As explained in Section 2, when we compare different CIs we mainly consider the validity in terms of coverage probability, and tightness in terms of half-width. In terms of validity, the existing CLT and Wilson CIs do not possess guarantees, while the exact CI, and our new Chernoff CI and BE CI, are valid by construction. The half-widths of the CIs, which will be analyzed in detail in Sections 5.2 and 6.2, are summarized in Figures 1 and 2. In particular, these figures illustrate comparisons of these CIs in terms of upper and lower bound (the exact CI is not included since it is hard to analyze its magnitude). For instance, from (1), we clearly see that the half-width of the CLT CI scales at the same order as $\sqrt{\hat p/n}=\hat p/\sqrt{\hat{s}}$ , where $\hat{s}=n\hat p$ is the number of positive outcomes.
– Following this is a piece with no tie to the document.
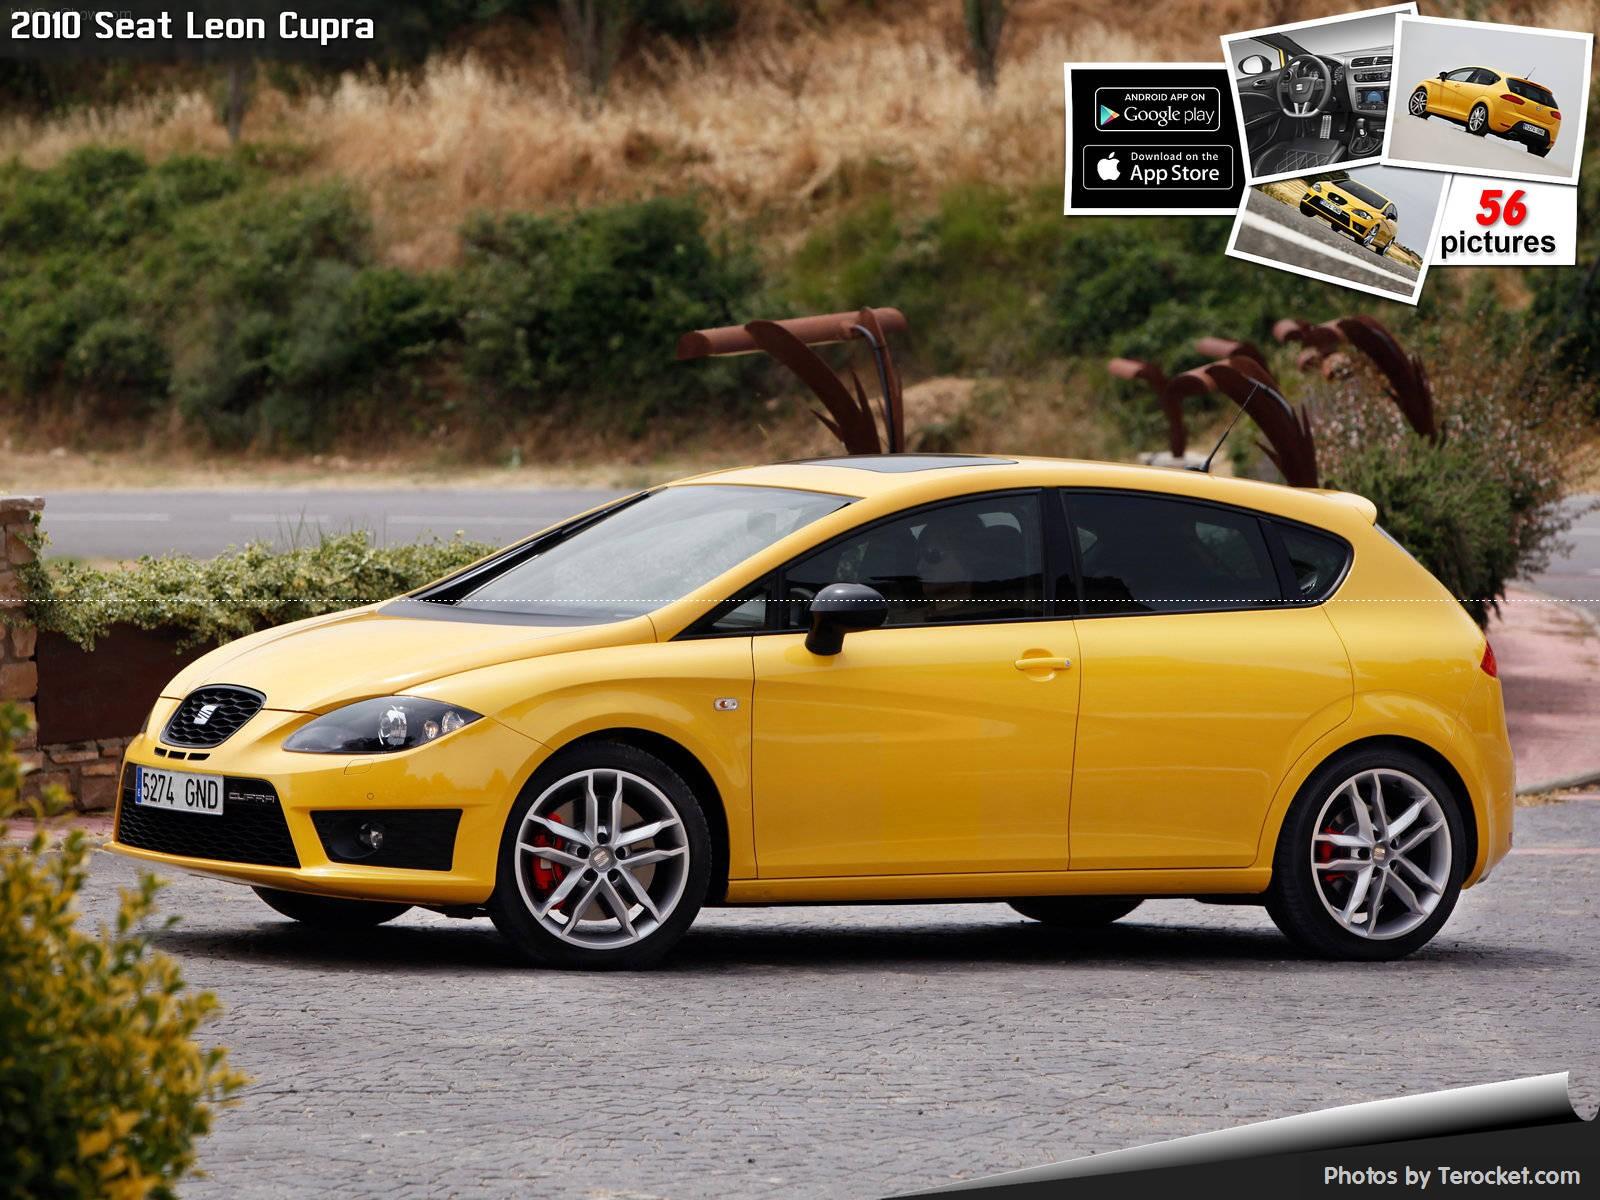 Hình ảnh xe ô tô Seat Leon Cupra 2010 & nội ngoại thất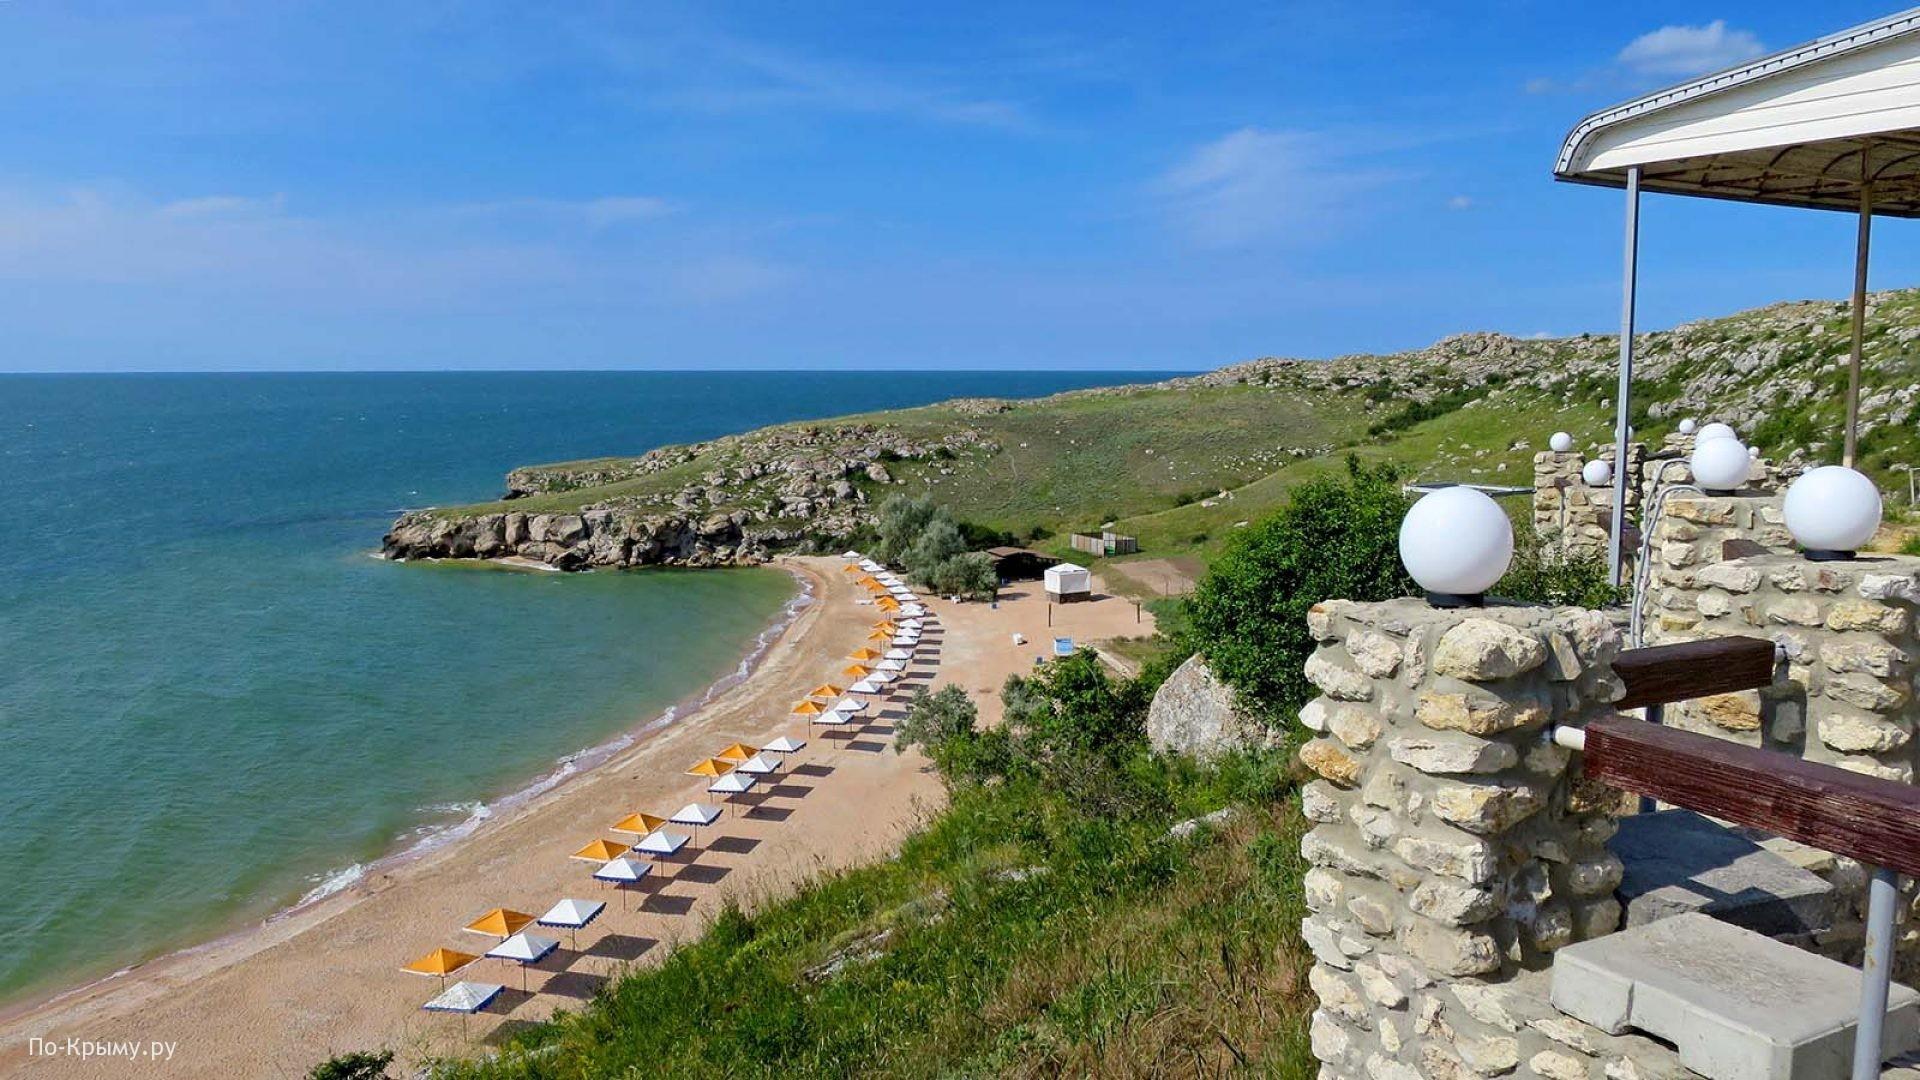 Лучший пляж Азовского моря

By expressing $\sqrt{\hat p/n}$ as $\hat p/\sqrt{\hat{s}}$ here, it is easier to see how the half-width scales relative to $\hat p$ . That is, the relative half-width is of order $1/\sqrt{\hat{s}}$ . Note that in these figures, under the standard setting, for $f(n,\hat p),g(n,\hat p)\geq 0$ , we write $f=O(g)$ if there exist $N_0,p_0,M>0$ , which do not depend on p or $\hat p$ , such that, for any $n\hat p>N_0$ and $\hat p<p_0$ , $f\leq Mg$ ; we write $f=\Theta(g)$ if there exist $N_0,p_0,M_1,M_2>0$ , which do not depend on p or $\hat p$ , such that, for any $n\hat p>N_0$ and $\hat p<p_0$ , $M_1g\leq f\leq M_2g$ . Under the targeted stopping setting, $O(\!\cdot\!)$ and $\Theta(\!\cdot\!)$ are defined similarly by replacing $n\hat p$ with $n_0$ . The notations $O(\!\cdot\!)$ and $\Theta(\!\cdot\!)$ will be used throughout the rest of this paper.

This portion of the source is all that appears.